Aggiornato il 21 Gen, 2021 | Words and Music |
kitty's back

Ascolta Kitty’s Back e pensa alla E Street Band: un gruppo di musicisti nato sulla strada, quasi sulla spiaggia. Una band che, nella linea tracciata dal suo leader, non ha basato la propria proposta musicale sul virtuosismo strumentale, nonostante la presenza di ottimi musicisti, tra cui lo stesso Bruce Springsteen. Un collettivo certamente entrato nel mito del rock, ma nella veste di un piccolo esercito di soldati scelti, pronti a rispondere “agli ordini!” al loro indiscusso capitano.

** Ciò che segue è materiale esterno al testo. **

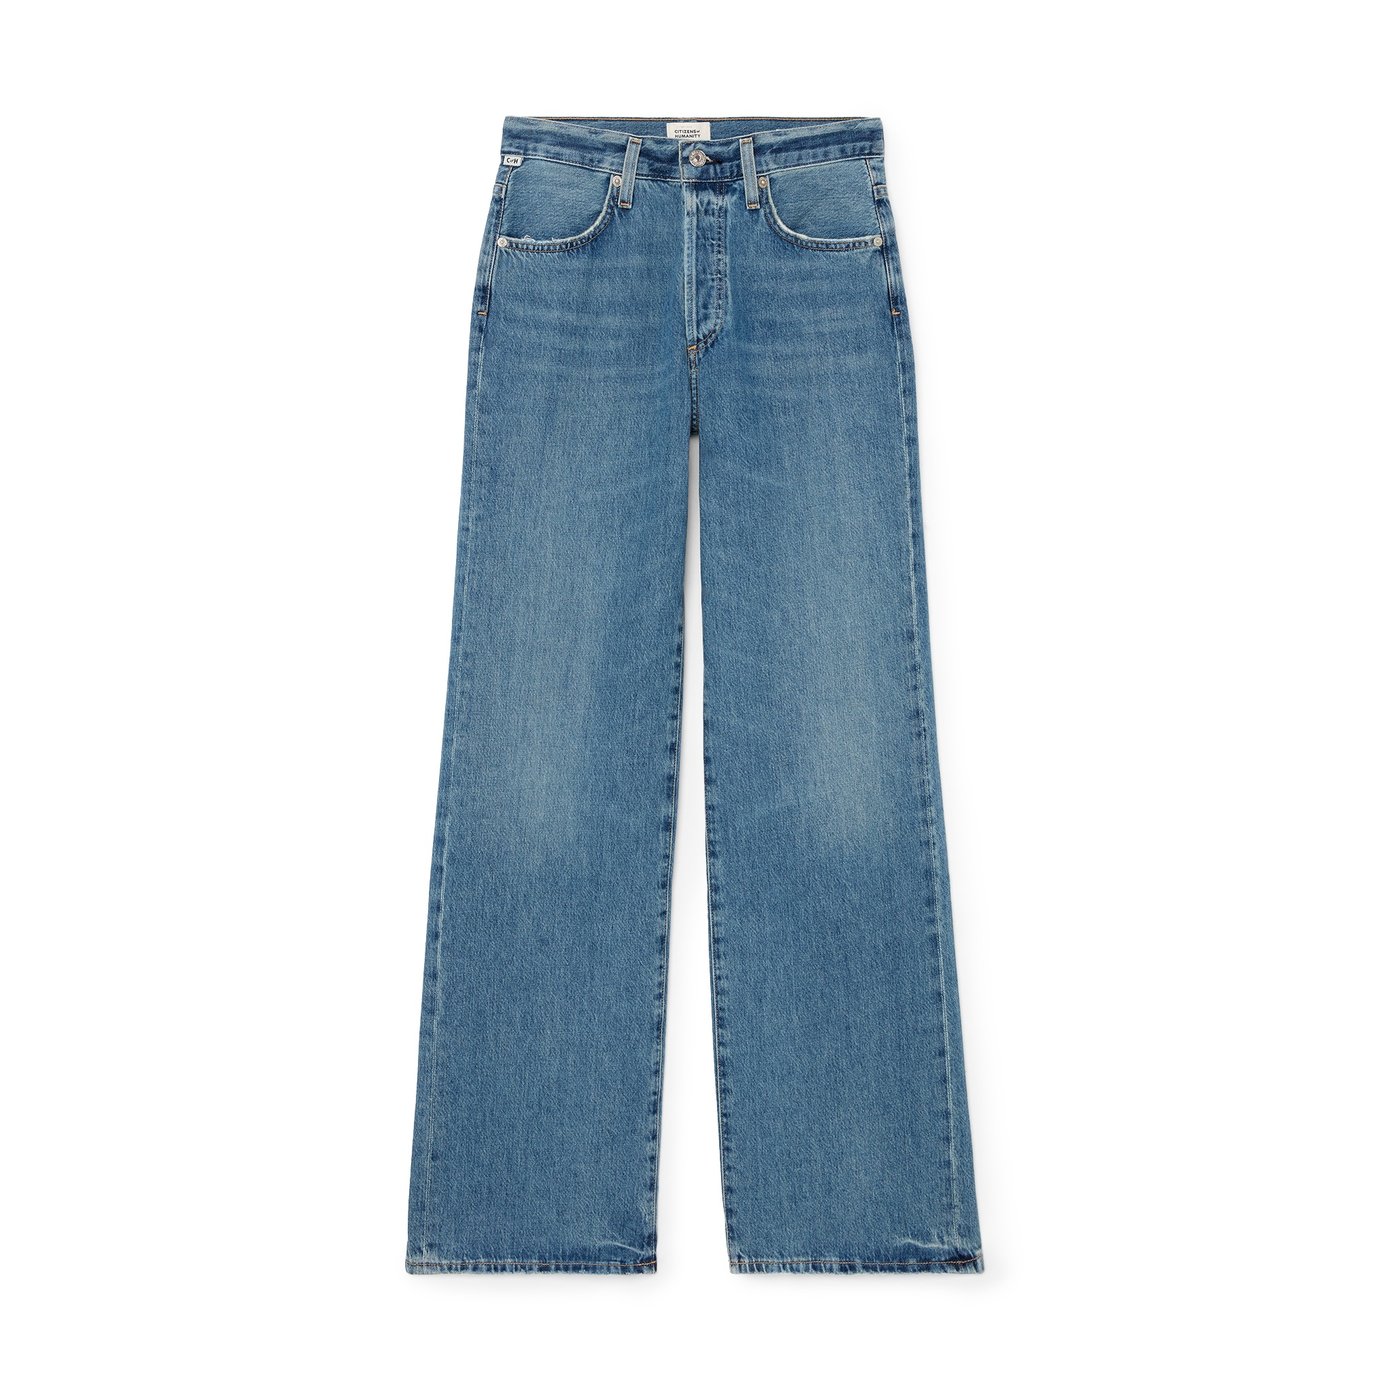 Pantalon extra large blue-jean : Denim Lengha Pants [wP0504

Eppure ci sono canzoni, come Kitty’s back ma anche altre nei primi tre album, che testimoniano quanto la E Street Band abbia lo spessore della rock band di altissimo livello. In The Wild, The Innocent & The E Street Shuffle, in particolare, Bruce Springsteen sembra riuscire a conciliare l’esigenza cantautorale con quella strumentale. In alcune canzoni lascia evidentemente le briglia sciolte alla sua band, che strumentalmente tira fuori il meglio. Kitty’s Back ne è forse l’esempio più lampante.

EROINE DEI BASSIFONDI

Kitty’s Back (leggi la traduzione qui) è un soul rock con base ritmica swing con spunti jazz, che tanto richiama gli ambienti newyorchesi dei due decenni precedenti, gli anni ’50 e ’60. Di conseguenza non può che raccontare una storia d’amore suburbana, interrotta dall’infedeltà di due donne, la Kitty del titolo e Sally, eroine di strada in cerca di un’occasione, e lasciata sospesa dall’inconcludenza di Catlong e Jack Knife, uomini romantici ma irrimediabilmente attratti dal richiamo dei vicoli. La storia si svolge intorno al Greenwich Village e alla mitica Bleecker Street. Catlong, il protagonista, ha perso Kitty, che se n’è andata per mettersi con un pezzo grosso della malavita. Anche Sally se n’è andata e Jack Knife piange il suo abbandono.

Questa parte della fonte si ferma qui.